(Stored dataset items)
---*---

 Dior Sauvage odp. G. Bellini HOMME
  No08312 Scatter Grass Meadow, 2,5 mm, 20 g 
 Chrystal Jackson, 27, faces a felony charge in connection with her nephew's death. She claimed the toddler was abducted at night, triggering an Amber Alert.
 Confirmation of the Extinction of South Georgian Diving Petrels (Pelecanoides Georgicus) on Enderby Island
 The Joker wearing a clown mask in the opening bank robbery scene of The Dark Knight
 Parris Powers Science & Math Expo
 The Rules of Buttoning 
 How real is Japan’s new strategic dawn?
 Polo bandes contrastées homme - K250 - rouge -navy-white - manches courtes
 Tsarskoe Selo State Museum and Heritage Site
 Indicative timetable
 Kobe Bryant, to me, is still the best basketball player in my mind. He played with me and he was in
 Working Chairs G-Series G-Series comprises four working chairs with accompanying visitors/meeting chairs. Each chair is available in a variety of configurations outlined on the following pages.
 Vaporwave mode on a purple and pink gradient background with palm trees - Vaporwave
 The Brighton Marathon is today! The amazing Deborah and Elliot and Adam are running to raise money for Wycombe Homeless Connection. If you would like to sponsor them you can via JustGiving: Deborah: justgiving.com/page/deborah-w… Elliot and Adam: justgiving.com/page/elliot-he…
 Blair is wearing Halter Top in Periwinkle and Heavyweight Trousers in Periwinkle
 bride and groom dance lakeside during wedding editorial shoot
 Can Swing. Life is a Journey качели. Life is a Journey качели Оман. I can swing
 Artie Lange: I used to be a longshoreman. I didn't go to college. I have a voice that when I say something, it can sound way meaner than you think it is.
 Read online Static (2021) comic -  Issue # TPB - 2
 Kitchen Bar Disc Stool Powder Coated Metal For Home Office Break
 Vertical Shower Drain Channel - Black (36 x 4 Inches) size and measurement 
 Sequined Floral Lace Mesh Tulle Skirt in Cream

---*---

EXERCISE GOAL
The only reply wanted is the number of lines in the records above containing the word "with".

EXERCISE SOLUTION
4